The marketing panel that I was on was well-received. I thought we did well. Panels can be terrific or terrible and I’d like to think we were closer to the terrific end of the spectrum. All of the panelists had different, complimentary experience, so we were able to give non-repetitive answers. And we all kept our answers pretty short so that the conversation could flow. The audience was into it, as well, which always helps. And I’m glad to say that “Jennifer”s outnumbered men.
So now for my internal struggle. I saw the conference referred to as “open source Davos” and it’s hard to disagree with that. Jessie Frazelle was unrestrained in her criticism:
Coming on the heels of Bradley Kuhn’s “It’s a Wonderful Life” analogy at SCaLE, this criticism really stuck out to me. Yes, I get paid well to work on an open source project, but I still live in a world where staying at a resort like the Ritz-Carlton Half Moon Bay leaves me wide-eyed. How many tech conference travels could we have funded with the budget for lunches? How much test gear could be provided for the cost of the evening socials? Why is it called “Open Source Leadership Summit” when the leaders of major open source projects aren’t invited to attend?
Well the answer to that question is “this isn’t the sort of leadership we meant”. A friend said this is the sort of event that corporate execs and senior management attend. If you want to get your message to them, that’s what you have to do. I understand that argument, and the practical side of me gets it. The ideological side of me says “well then we’ll do it without them!”
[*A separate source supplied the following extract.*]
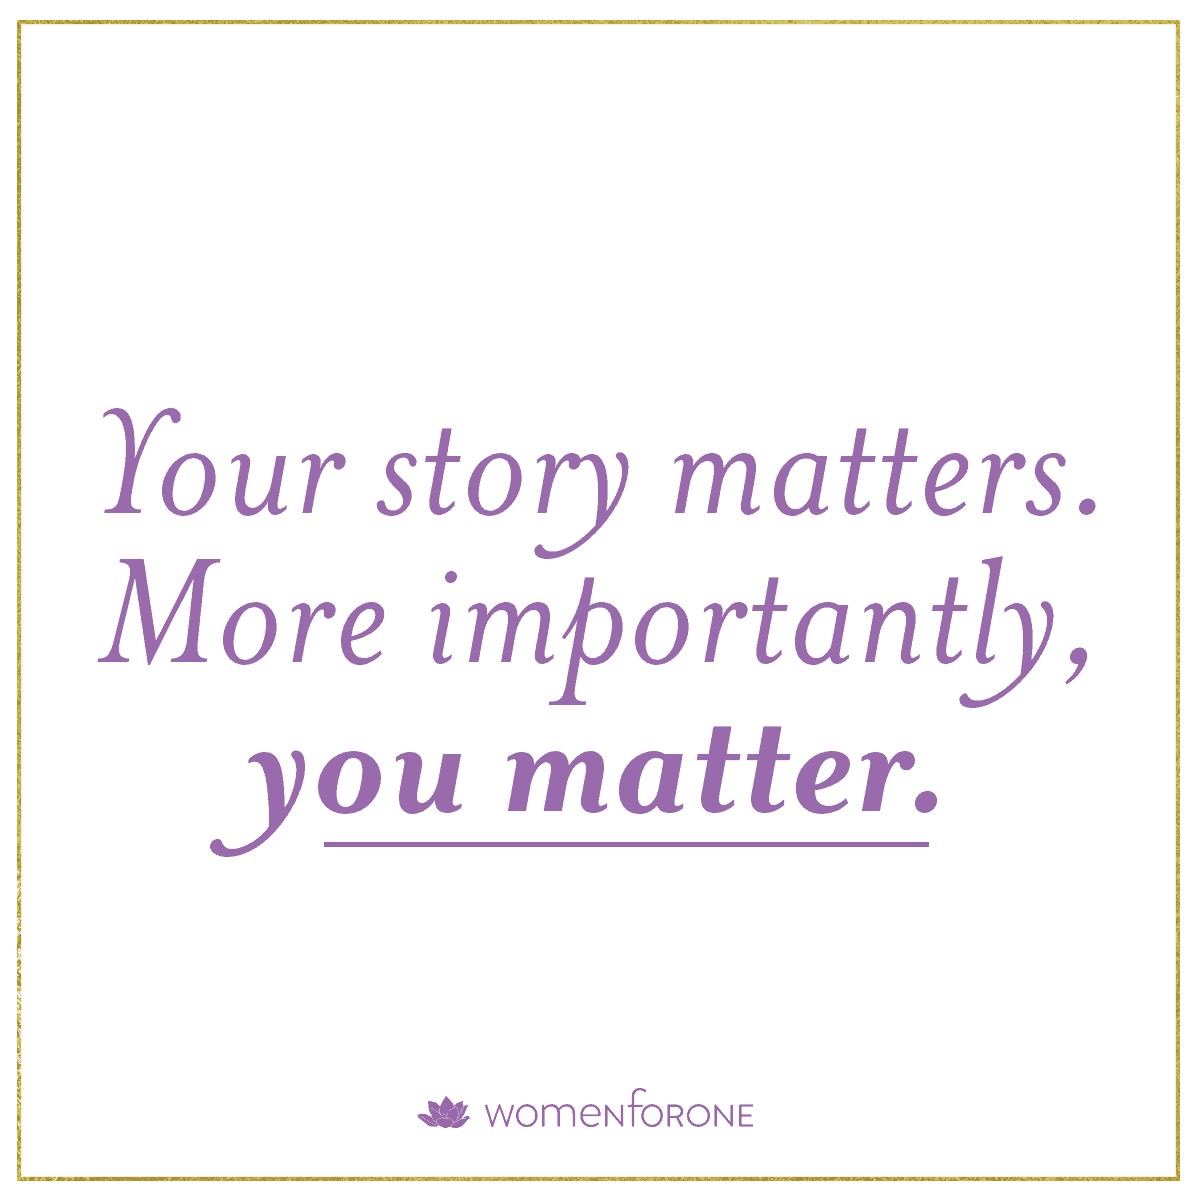 Your story matters. More importantly, you matter.

The Linux Foundation and similar foundations are trade associations, not charities. They’re not obligated to act in the public good. Maybe they could stand do to a little more of that, obligated or no. But ultimately, they’re doing what trade associations do. They advance their corporate interests in the way they see fit. If we want to redirect them toward community benefit, maybe pitching talks that give the message we want them to hear is the approach to take. Or maybe that’s just what I’ll tell myself to justify going on a junket.